8.5 Unit Summary and Review

Genetic testing analyzes DNA, genes, chromosomes, or proteins to identify changes associated with health conditions. It serves various purposes, including predicting disease risk, identifying carriers of genetic conditions, diagnosing disorders, guiding treatment decisions, and informing research. Examples include newborn screening, prenatal testing, carrier screening, pharmacogenomic testing, and diagnostic tests. The benefits include reducing uncertainty about health risks, guiding preventive measures, and aiding treatment planning. However, testing has limitations, such as emotional, financial, and social implications, potential discrimination, and gaps in actionable treatments for identified disorders. Nurses play a critical role in patient education, informed decision-making, and coordination with genetic counsellors.

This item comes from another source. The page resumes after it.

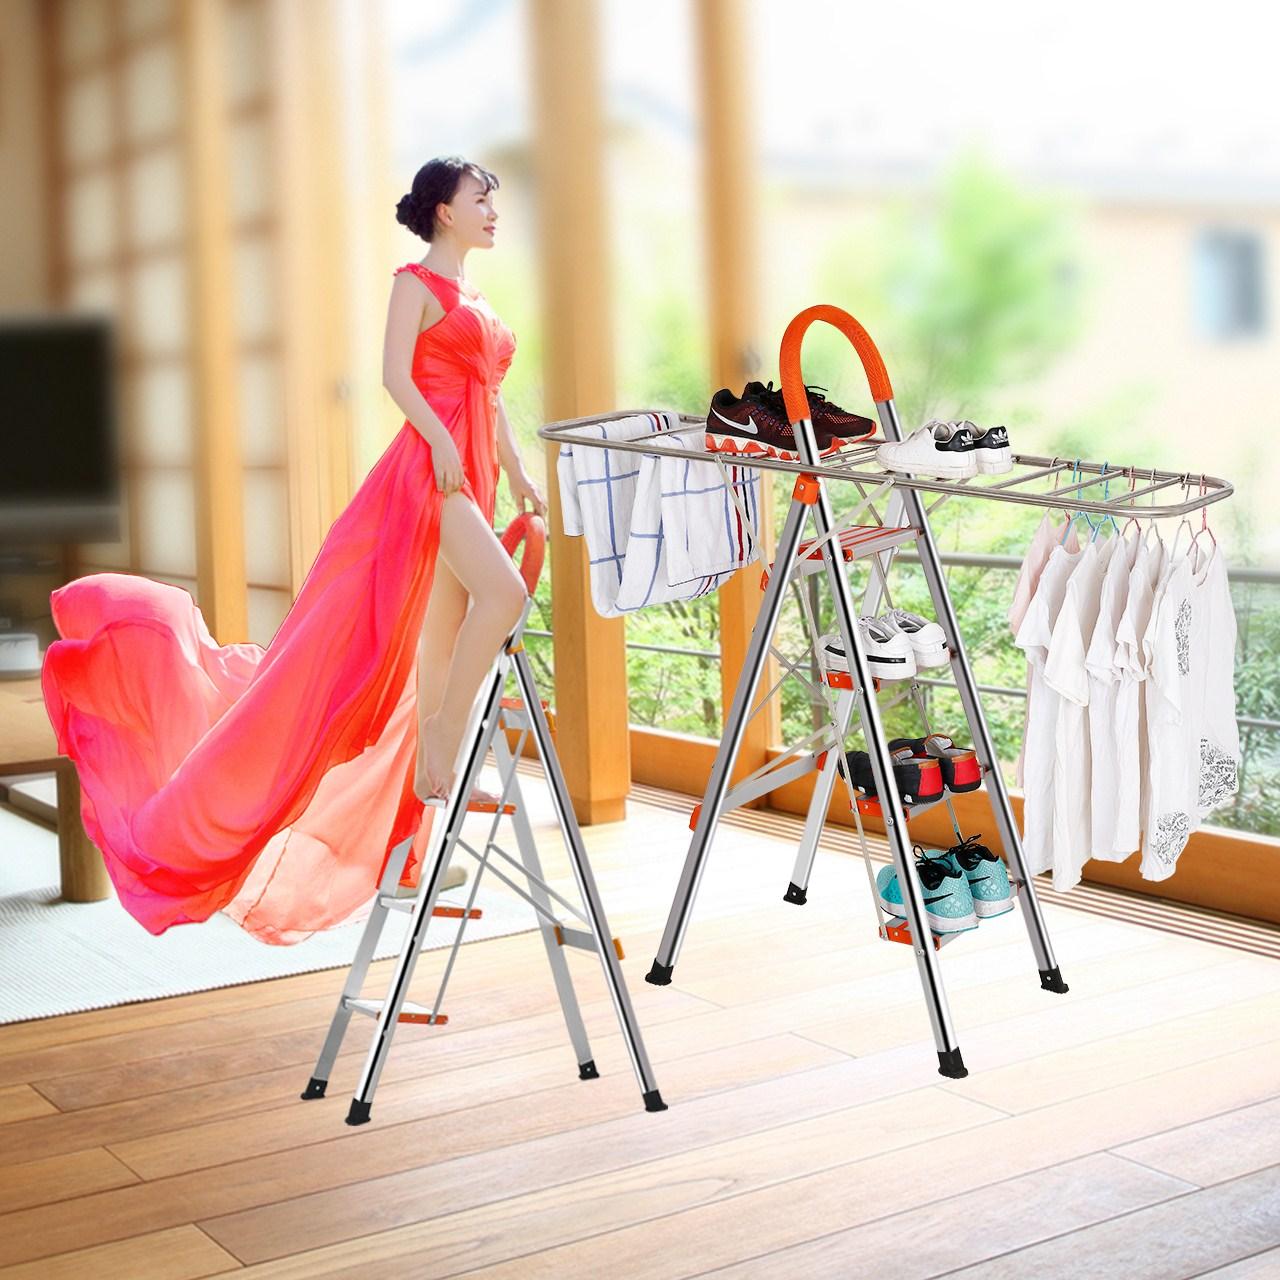 创步新款不锈钢衣架型多功能折叠梯人字梯家用梯楼梯梯子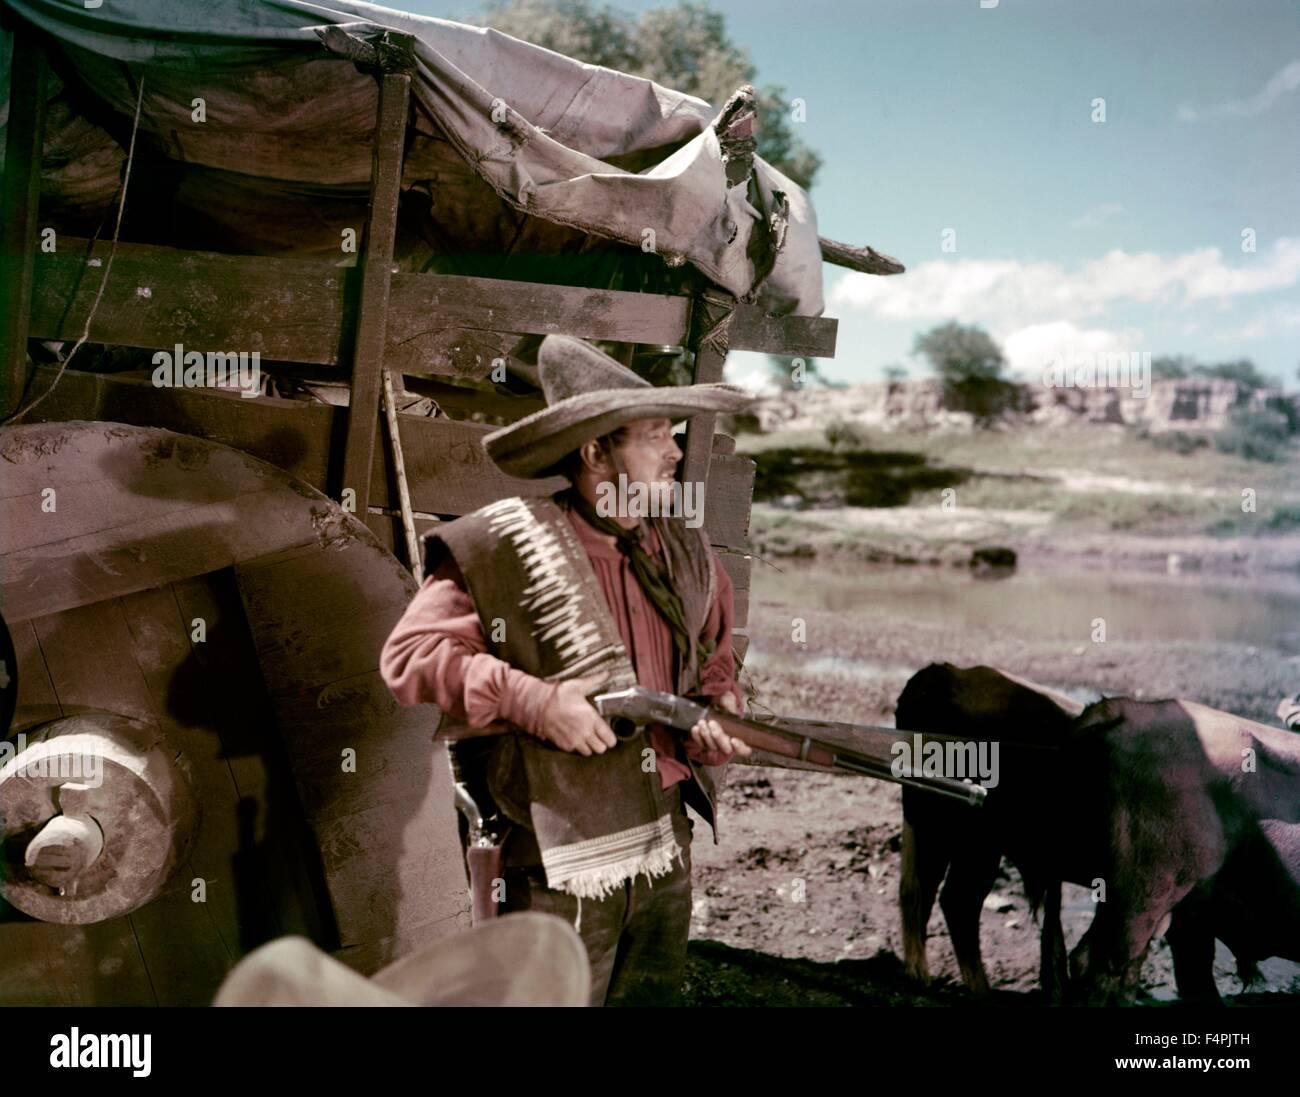 Robert Mitchum / le merveilleux pays / 1959 réalisé par Robert Parrish [United Artists] Photo Stock

Genomic testing is becoming more accessible and integrated into primary care, yet its complexity raises challenges, particularly around interpreting results. Canadian laboratories typically classify genomic variants into five categories—pathogenic, likely pathogenic, variant of uncertain significance (VUS), likely benign, and benign—using guidelines like those from the American College of Medical Genetics and Genomics (ACMG). Misinterpreting results can lead to unnecessary follow-up, improper clinical management, or false reassurance. Secondary findings, unrelated to the primary reason for testing but may provide actionable health insights, are increasingly reported in whole exome and genome sequencing. However, they can also pose ethical and emotional challenges. Pre- and post-test counselling is essential to help individuals understand the implications of these findings and plan for their medical care.